Warbirds Online

This week In Military/Aviation History 26 January – 3 February

January 31, 2008 7:38 pm

Hello Folks, I’m back. I’ve been gone for two weeks. Did you miss me? My ‘puter was in the shop. I had an issue with Microsoft Flight Simulator 10, more commonly known as FSX. Ya see I went and bought the expansion pack for FSX called “Acceleration”. I had a copy of FSX installed but it was actin’ funny, so I thought I’d uninstall it and put a new copy in. WRONG!! The sucker wouldn’t reinstall.
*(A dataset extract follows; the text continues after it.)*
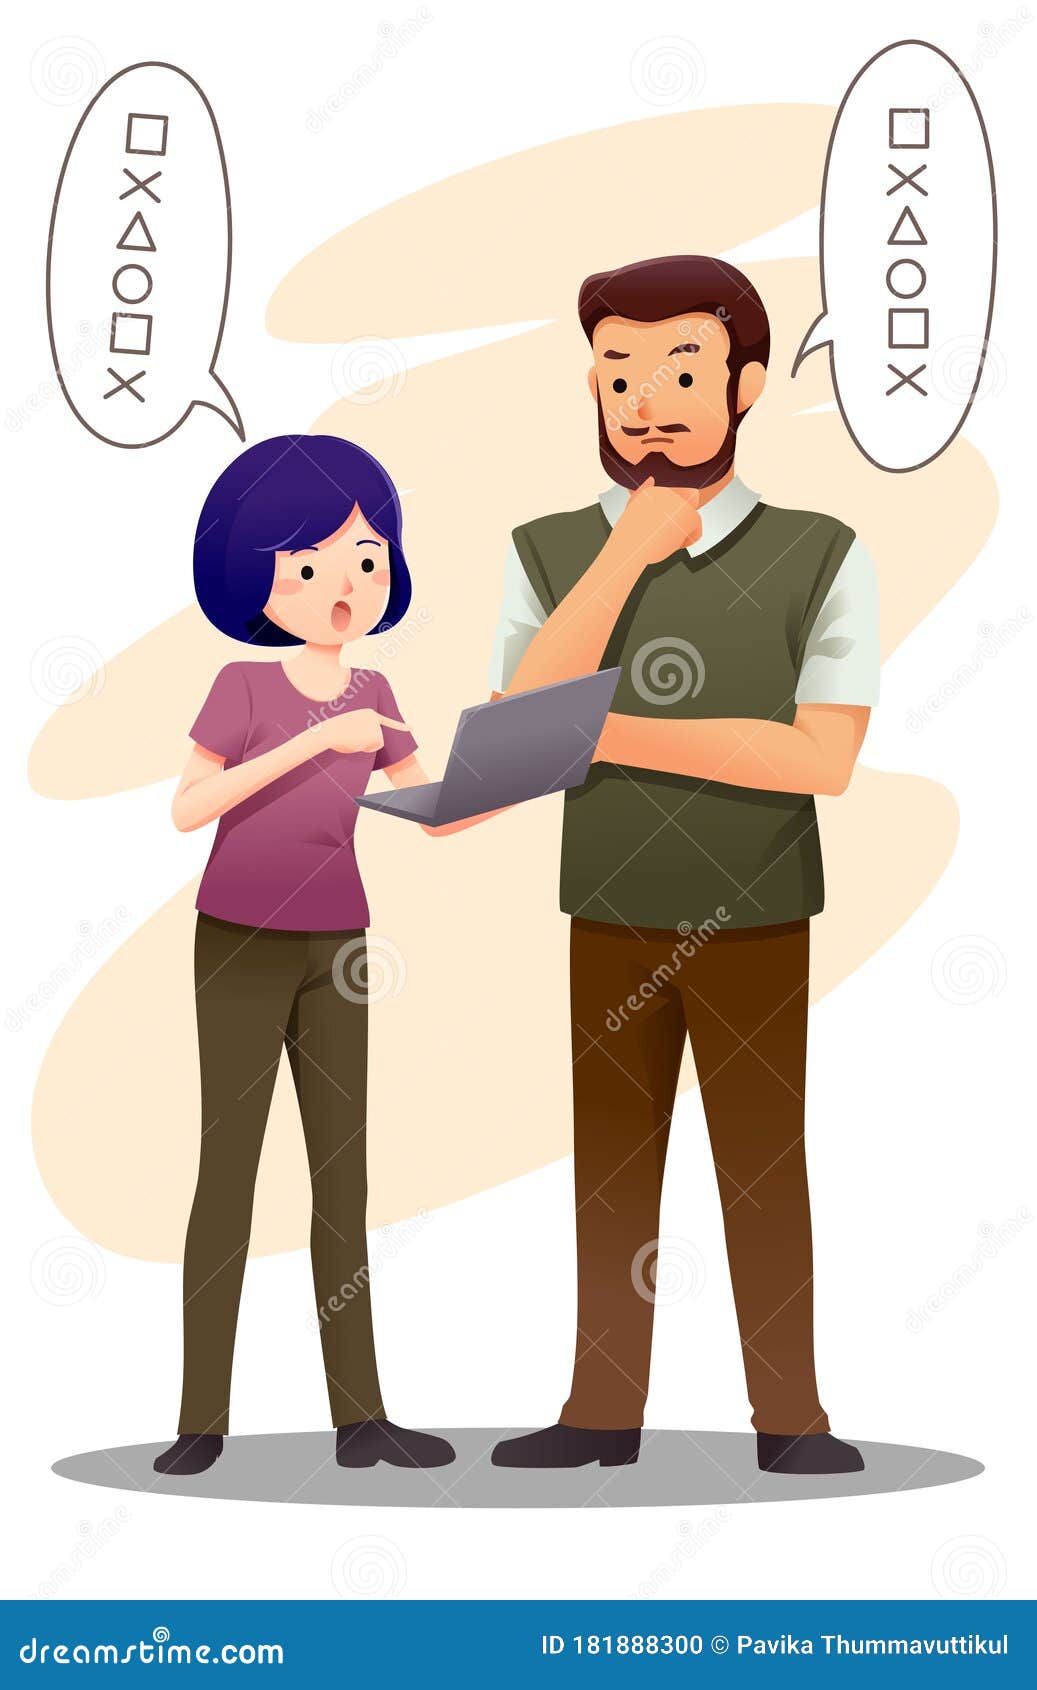 Two People Discuss Work Together Stock Vector - Illustration of clipart,  design: 181888300

Since I had already had my ‘puter upgraded to accept and run FSX in the first place, and needed it to be installed by my Guru as I couldn’t seem to do it myself, I was not going to let it go. Once again I needed it to be installed by him AND add the expansion pack. I didn’t think it would take very long. WRONG!! He had one heck of a time trying to get it to go in. He finally found the problem which was a licensing issue. He had to track down and remove the file that had the original license in it and remove it. Long story short, it’s back, FSX and Acceleration are working fine. I have enough new stuff to keep me busy for months, maybe years as I threw in Mission: Combat Force and Flight Deck 5 while I was at it. (I never learn). With that being said, let’s get down to some serious history, why don’t we?

February 1910
Hugo Junkers patented an airplane with a cantilevered wing.

1 February 1911
Burgess and Curtiss became the first fully licensed aircraft manufacturer in the USA.

February 1912
Jules Vedrine made the first 100 m.p.h. flight in his Monocoque Deperdussin.

February 1913
The Spanish air arm was renamed as the Servico de Aeronautica Militar Espanola.

3 February 1913
The Gothaer Waggonfabrick (Gotha railway wagon factory) opened an airplane division.


February 1914
The first aerial torpedo was released from a Farman biplane by General A. Guidoni of the Italian Army.

February 1915
The Russian Ilya Nourometz IMV series of 4-engined bombers were equipped with machine guns for use against ground targets.

3 February 1915
Turkish forces attacked the Suez Canal area but were repelled by British troops.

2 February 1916
Zeppelin LZ54 was shot down by British aircraft over the North Sea.

31 January 1917
Germany declared the beginning of unrestricted submarine warfare.

1 February 1917
The German Friedrichshafen GIII bomber, capable of carrying 3,390 pounds of bombs, became operational.

February 1918
The Airco DH4, the first American mass-produced combat aircraft, began production.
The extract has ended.